# What the task asks
Repeat exactly what runs from the line containing "Length- 8.5" through the last line of the material below. Do not copy the pictures.

-------- Data excerpt

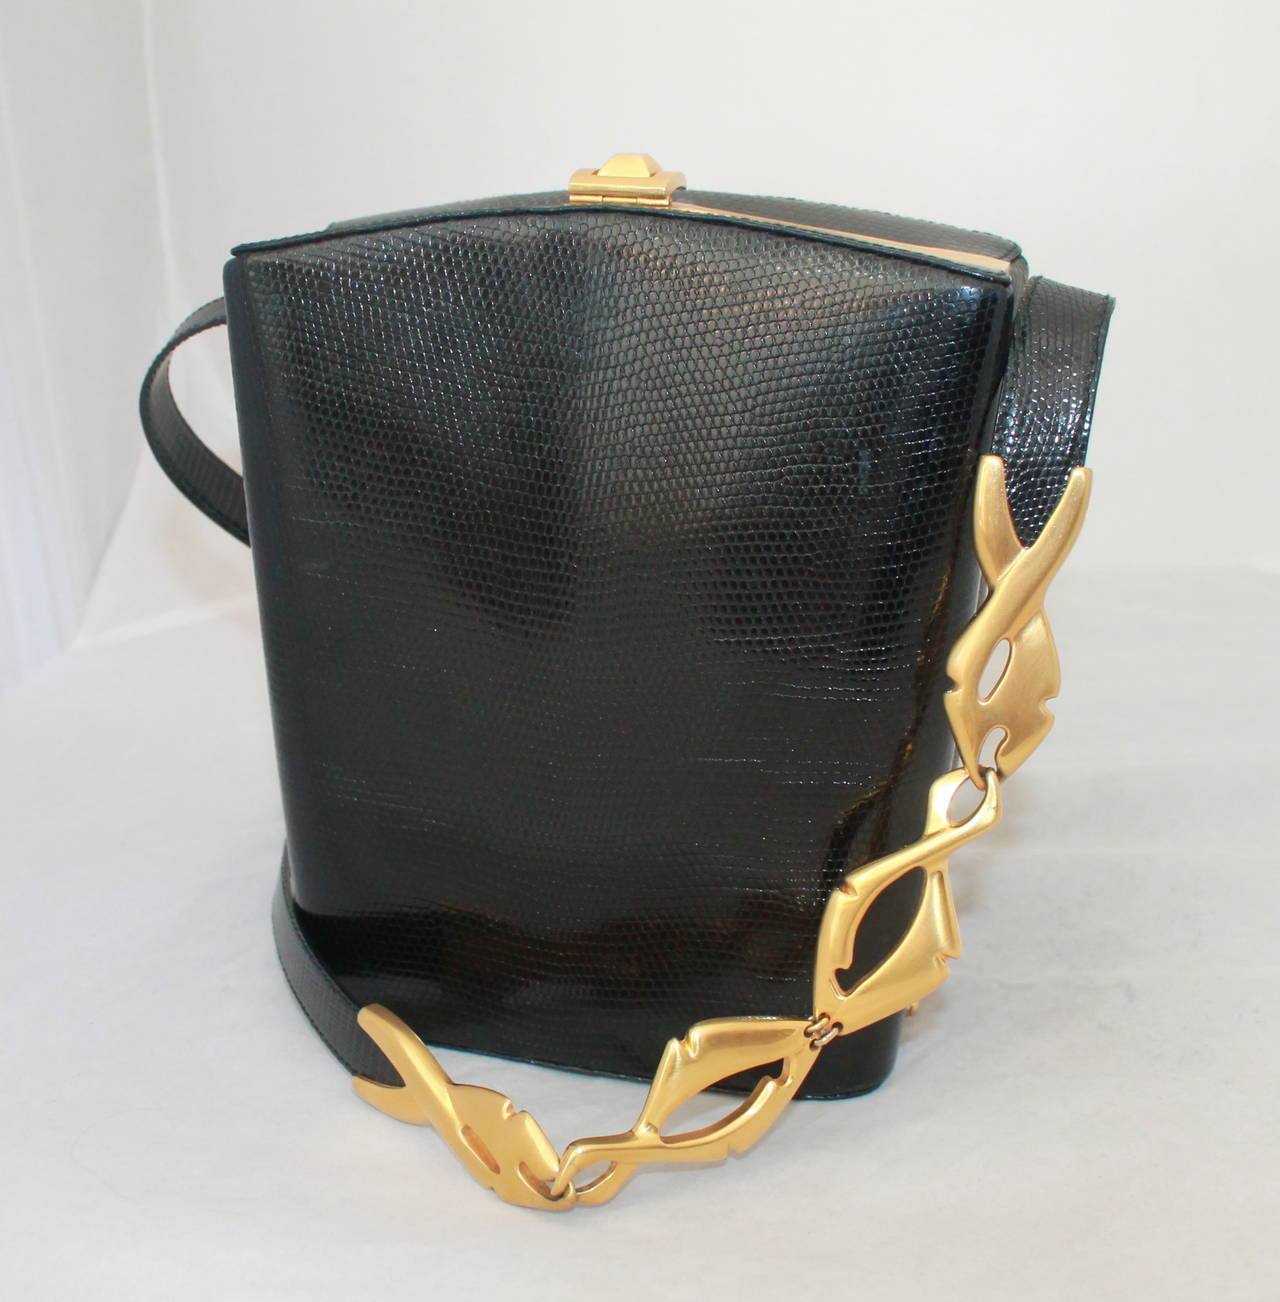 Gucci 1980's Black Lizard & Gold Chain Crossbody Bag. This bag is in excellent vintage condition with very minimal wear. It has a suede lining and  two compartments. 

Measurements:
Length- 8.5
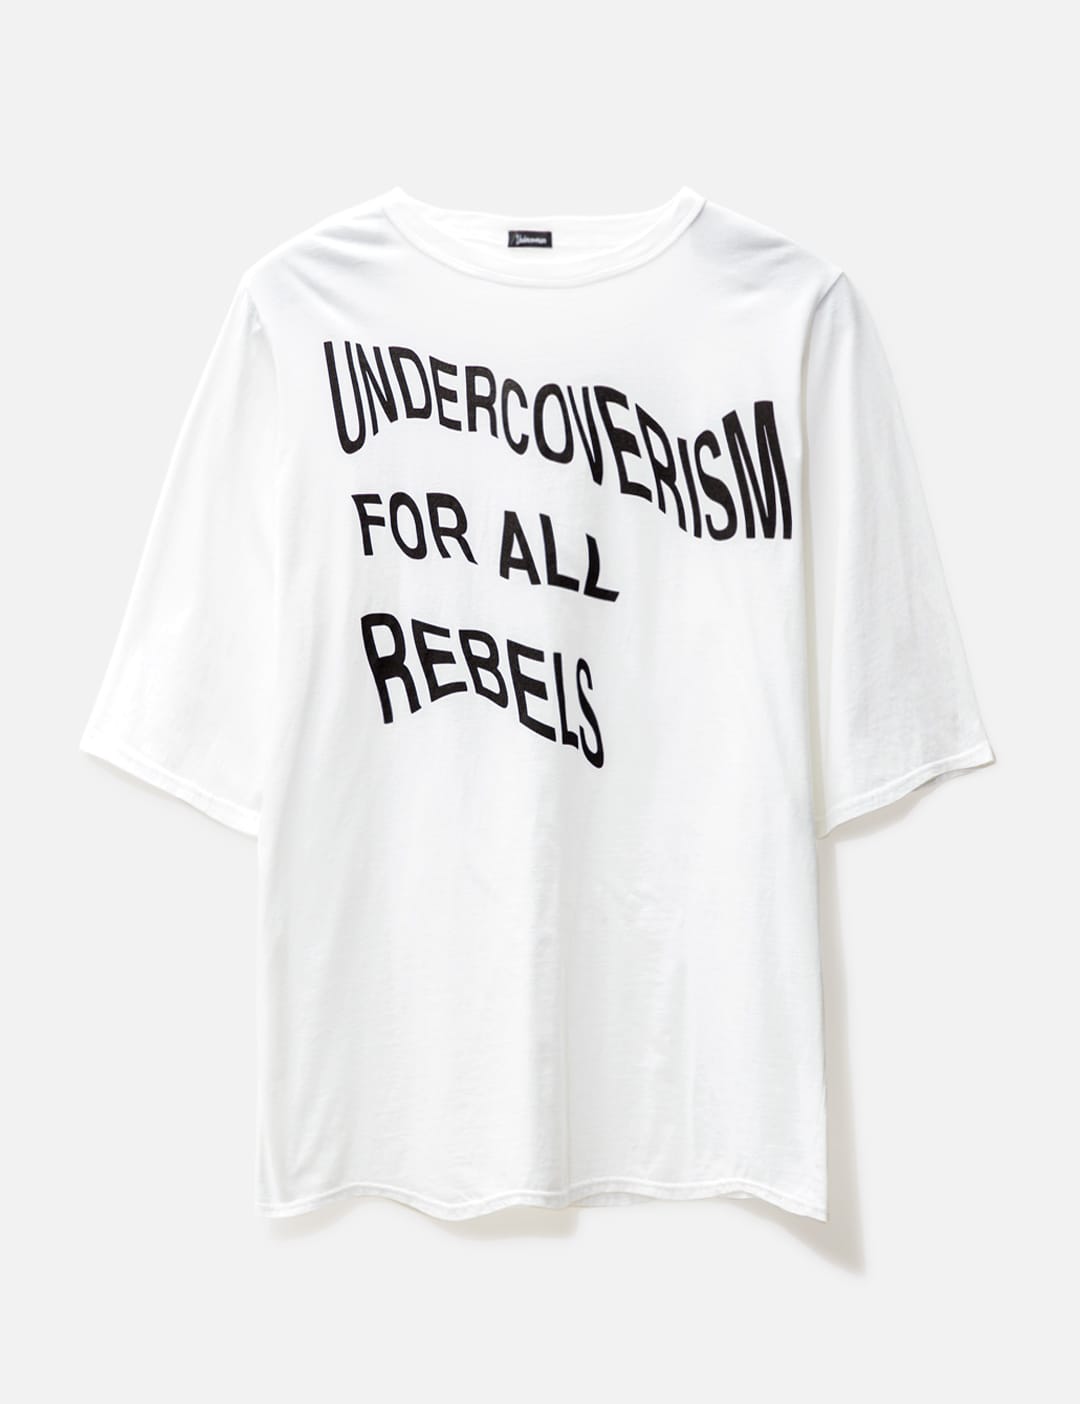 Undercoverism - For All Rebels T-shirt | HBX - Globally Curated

----------------

# Exercise response
Length- 8.5
 Undercoverism - For All Rebels T-shirt | HBX - Globally Curated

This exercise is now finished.